Segment Open

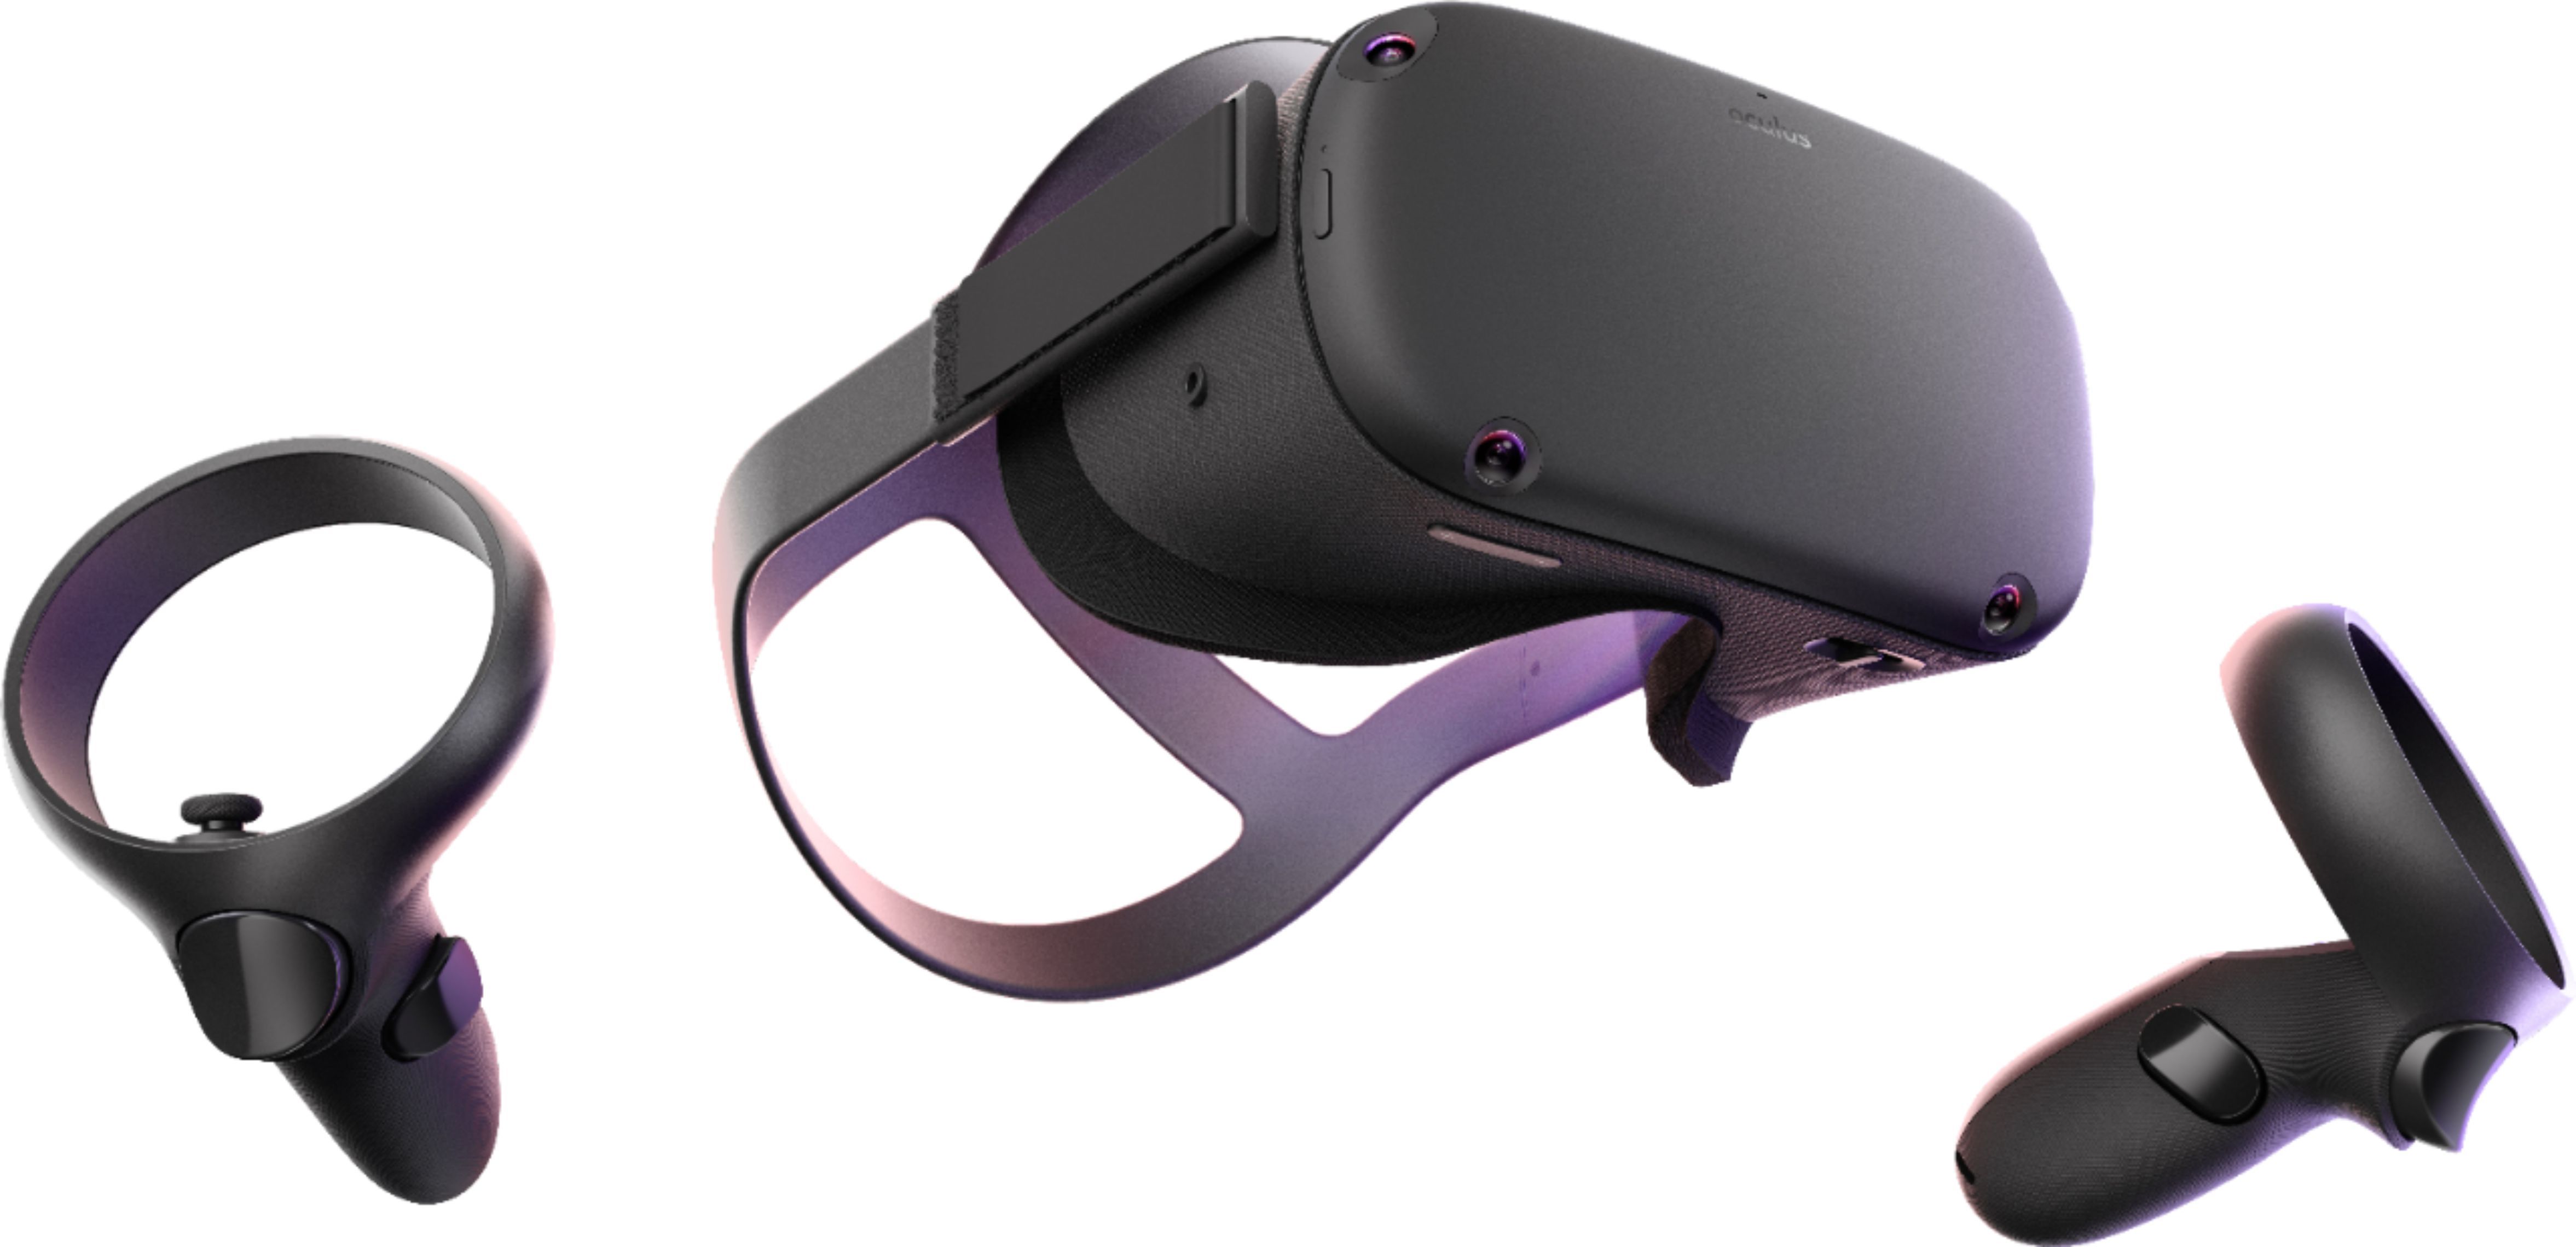 Oculus Quest All-in-one VR Gaming Headset 64GB Black 301-00170-01 - Best Buy | Best Buy U.S.
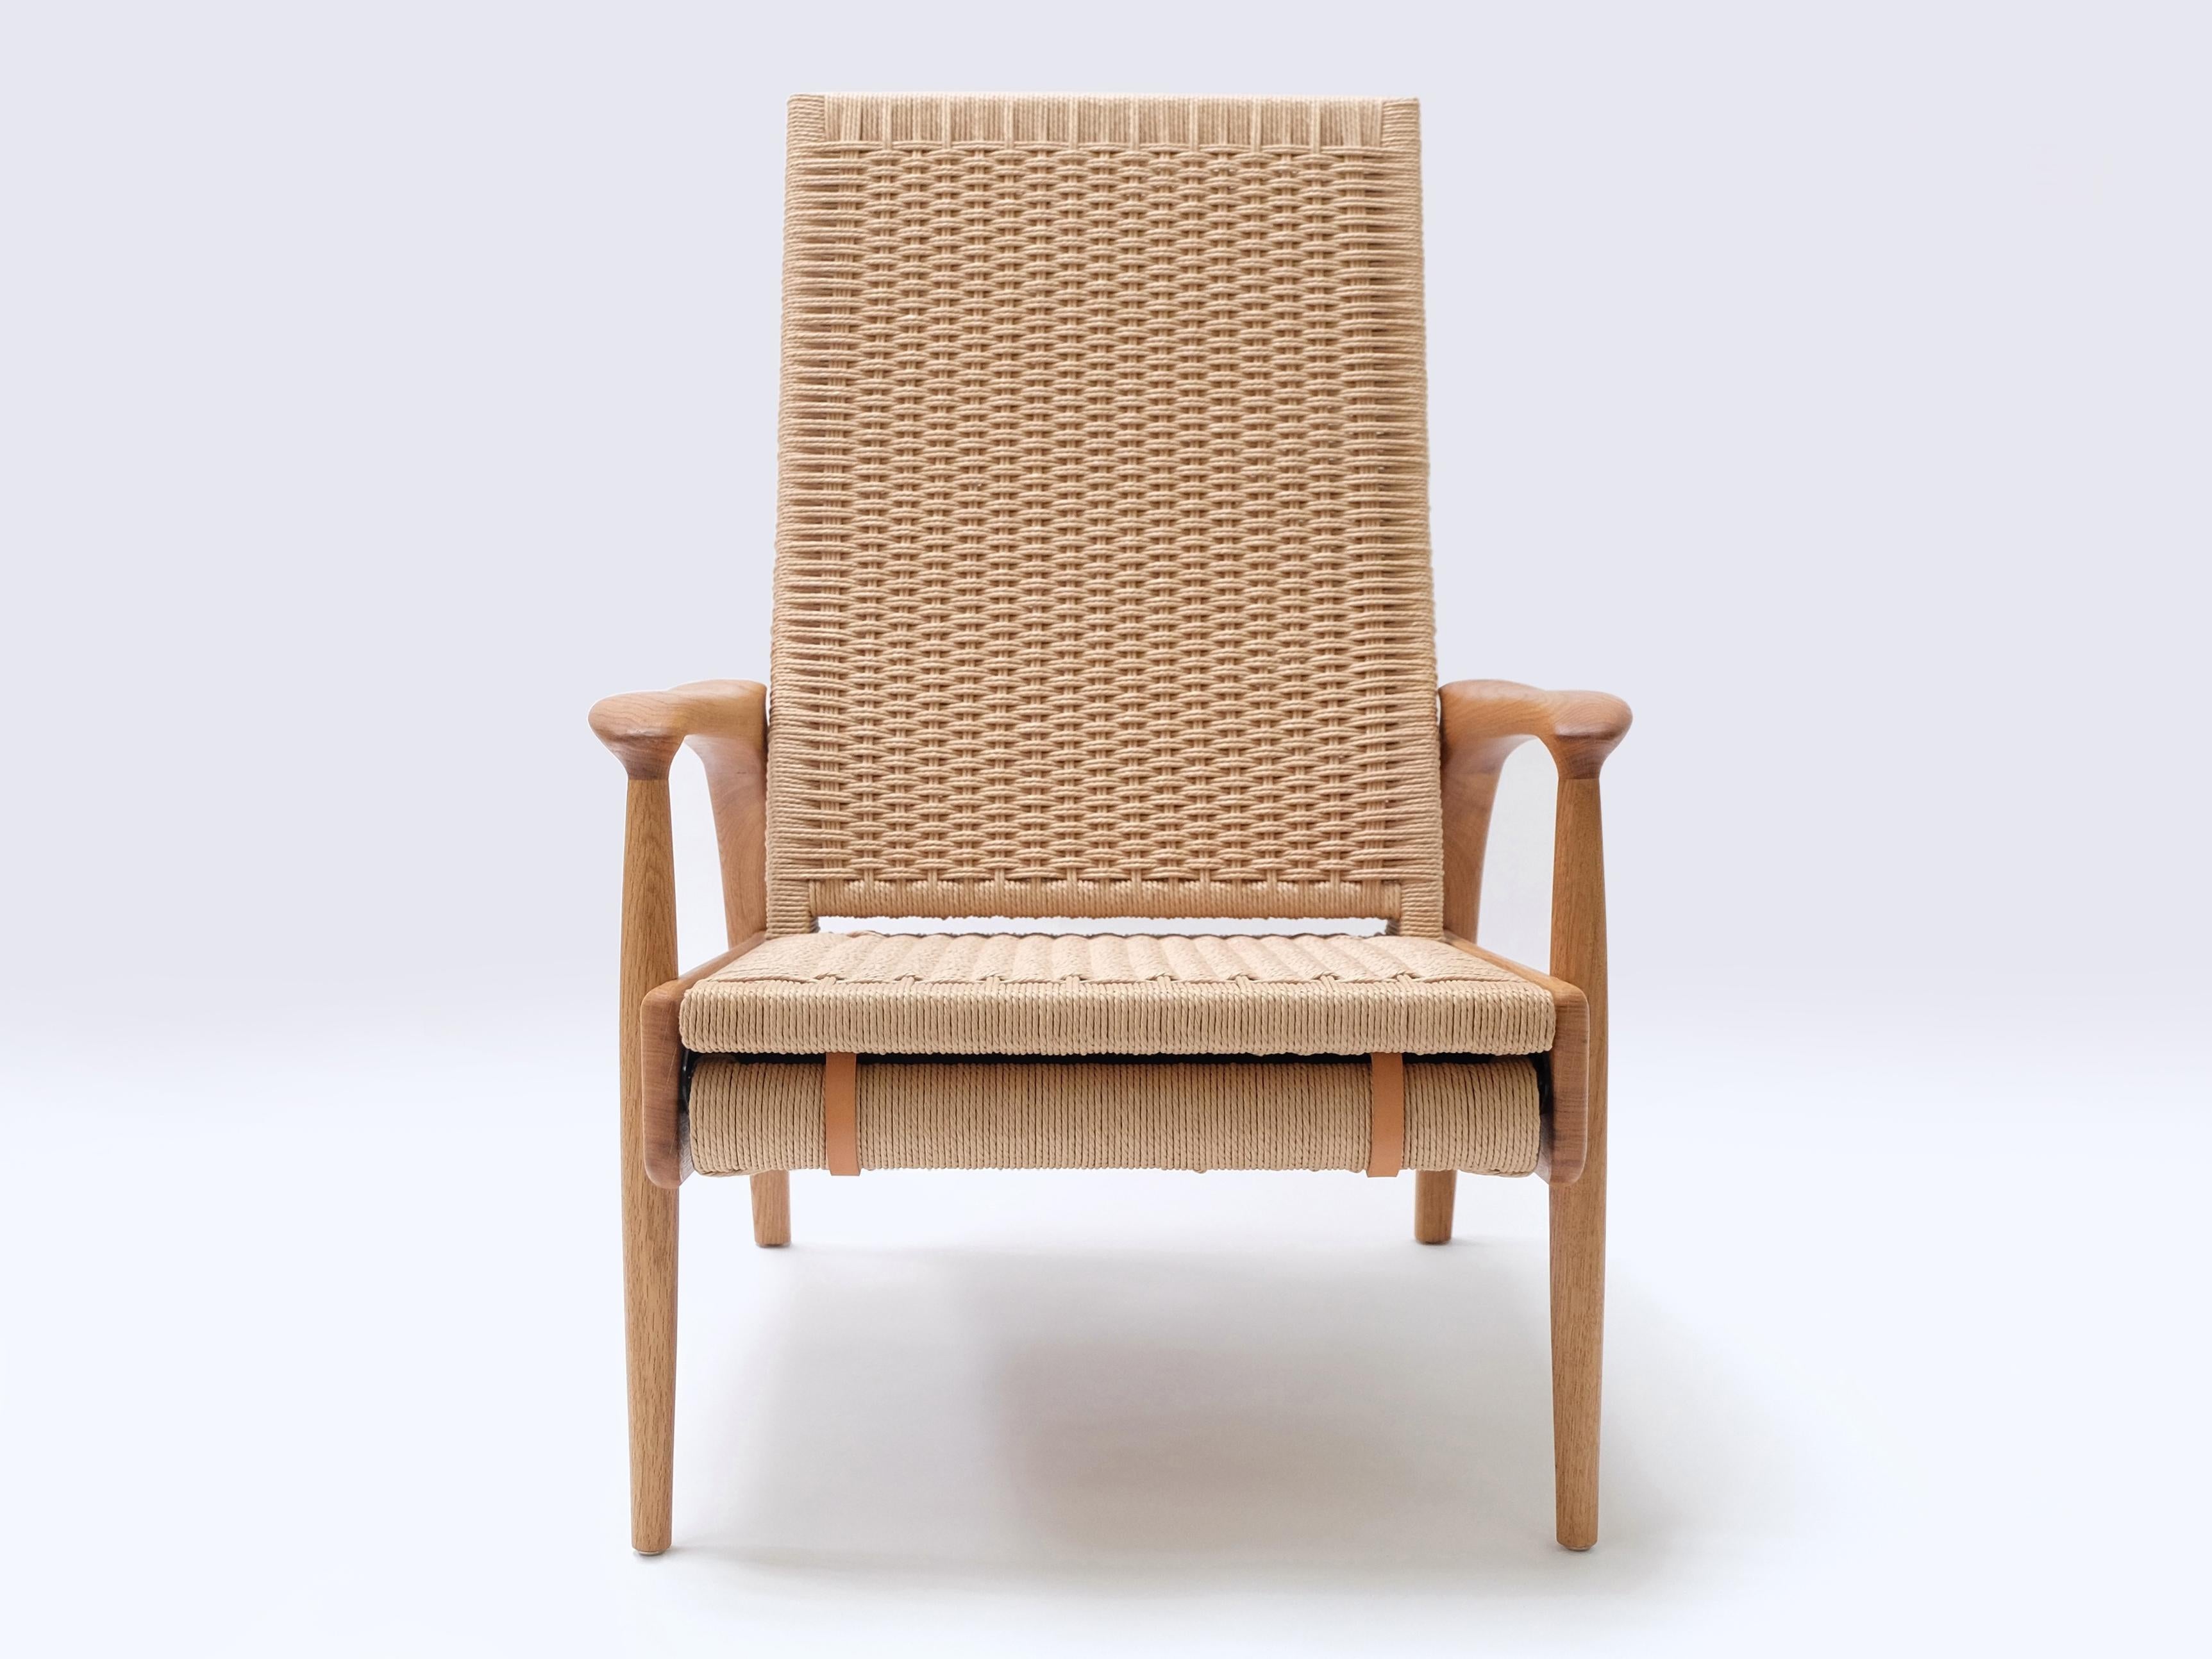 Ein Paar handgefertigte Eco-Lounge-Sessel FENDRIK von Studio180degree
Abgebildet in nachhaltiger, massiver, naturgeölter Eiche und original dänischem Natur-Cord

Edel - taktil - raffiniert - nachhaltig
Reclining Eco Lounge Chair FENDRIK ist ein

Segment Closed

Your copy should hold all the data word for word. It should hold no pictures.

> Problem solution
 Oculus Quest All-in-one VR Gaming Headset 64GB Black 301-00170-01 - Best Buy | Best Buy U.S.
 Ein Paar handgefertigte Eco-Lounge-Sessel FENDRIK von Studio180degree
Abgebildet in nachhaltiger, massiver, naturgeölter Eiche und original dänischem Natur-Cord

Edel - taktil - raffiniert - nachhaltig
Reclining Eco Lounge Chair FENDRIK ist ein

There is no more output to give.